This paper develops a theory of distribution- and time-uniform asymptotics, culminating in the first large-sample anytime-valid inference procedures that are shown to be uniformly valid in a rich class of distributions. Historically, anytime-valid methods -- including confidence sequences, anytime $p$-values, and sequential hypothesis tests -- have been justified nonasymptotically. By contrast, large-sample inference procedures such as those based on the central limit theorem occupy an important part of statistical toolbox due to their simplicity, universality, and the weak assumptions they make. While recent work has derived asymptotic analogues of anytime-valid methods, they were not distribution-uniform (also called \emph{honest}), meaning that their type-I errors may not be uniformly upper-bounded by the desired level in the limit. The theory and methods we outline resolve this tension, and they do so without imposing assumptions that are any stronger than the distribution-uniform fixed-$n$ (non-anytime-valid) counterparts or distribution-pointwise anytime-valid special cases. It is shown that certain ``Robbins-Siegmund'' probability distributions play roles in anytime-valid asymptotics analogous to those played by Gaussian distributions in standard asymptotics. As an application, we derive the first anytime-valid test of conditional independence without the Model-X assumption.

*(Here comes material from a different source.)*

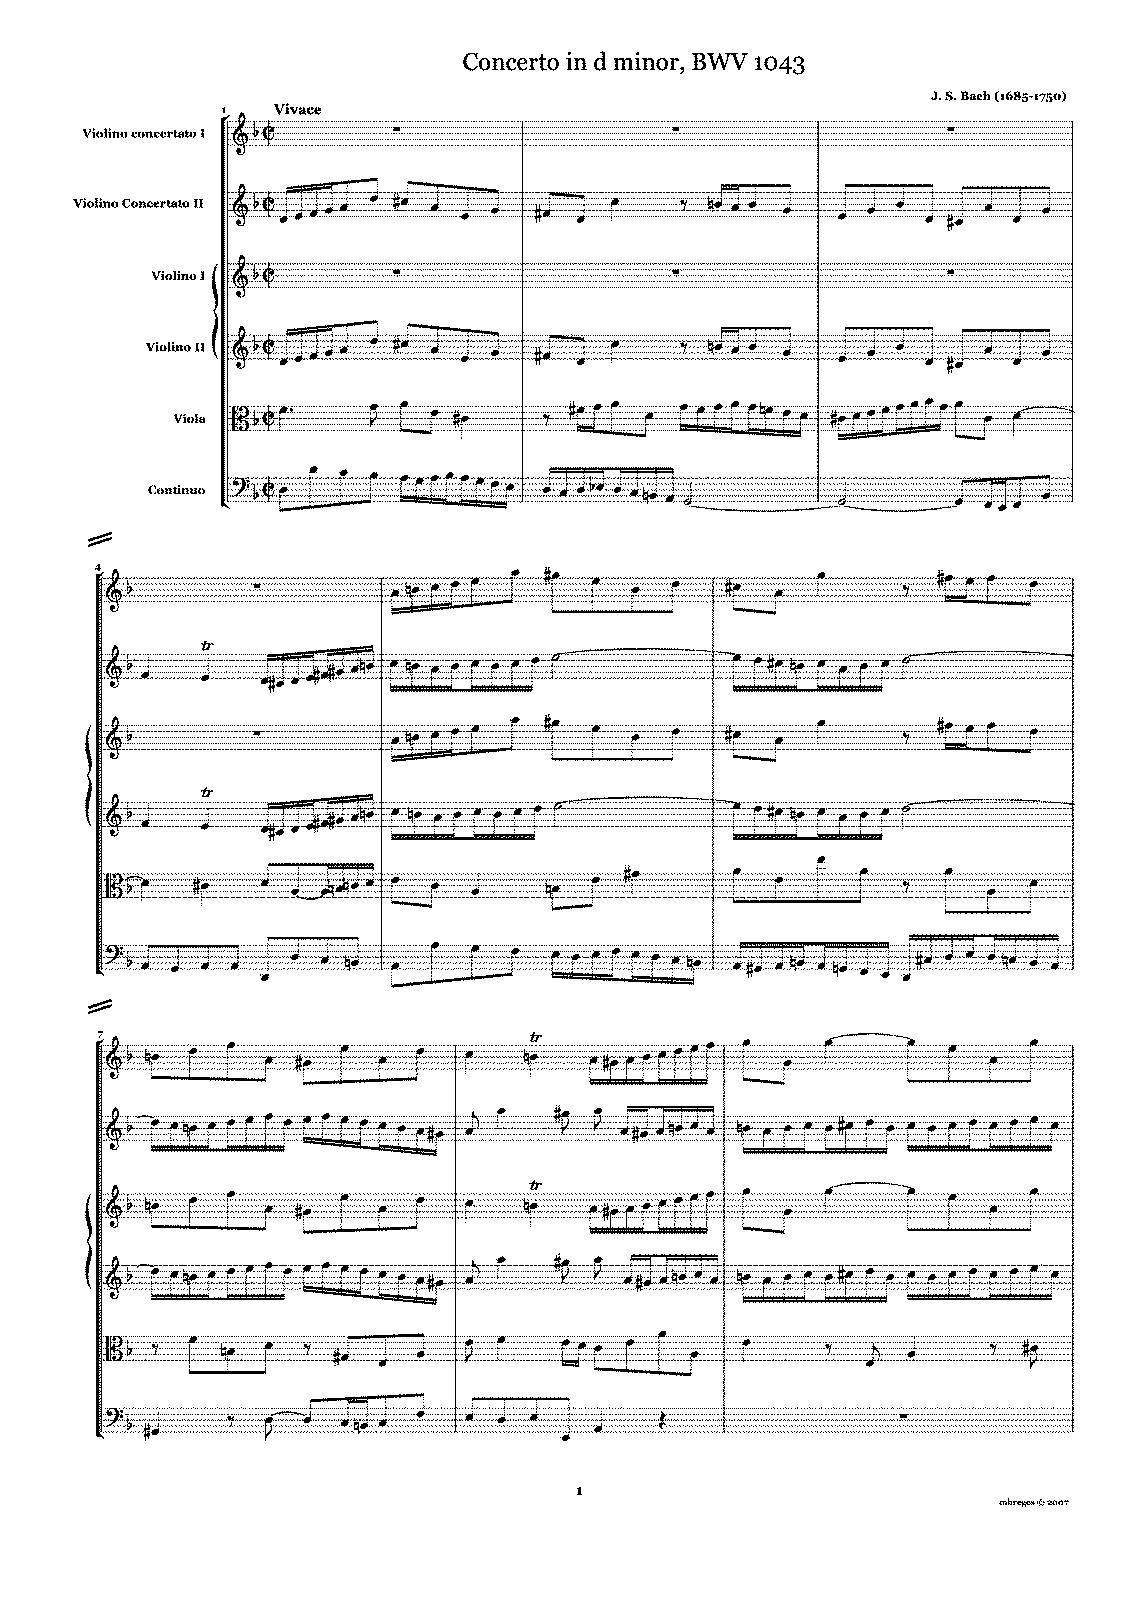 Concerto for 2 Violins in D minor, BWV 1043 (Bach, Johann

翻译：本文发展了分布与时间一致性的渐近理论，最终构建出首个被证明在丰富分布类中具有一致有效性的大样本任意时间有效推断方法。历史上，任意时间有效方法——包括置信序列、任意时间$p$值与序贯假设检验——均通过非渐近论证获得理论支撑。相比之下，基于中心极限定理的大样本推断方法因其简洁性、普适性及所需假设较弱，始终占据统计学工具箱的重要地位。尽管近期研究已推导出任意时间有效方法的渐近类比形式，但这些方法不具备分布均匀性（亦称\emph{诚实性}），意味着其第一类错误在极限情况下可能无法被期望水平一致上界控制。本文阐述的理论与方法解决了这一矛盾，且未施加比分布均匀的固定样本量（非任意时间有效）对应方法或分布逐点任意时间有效特例更强的假设。研究证明，某些“Robbins-Siegmund”概率分布在任意时间有效渐近理论中扮演的角色，类似于高斯分布在标准渐近理论中的角色。作为应用，我们首次在不依赖Model-X假设的前提下推导出条件独立性检验的任意时间有效方法。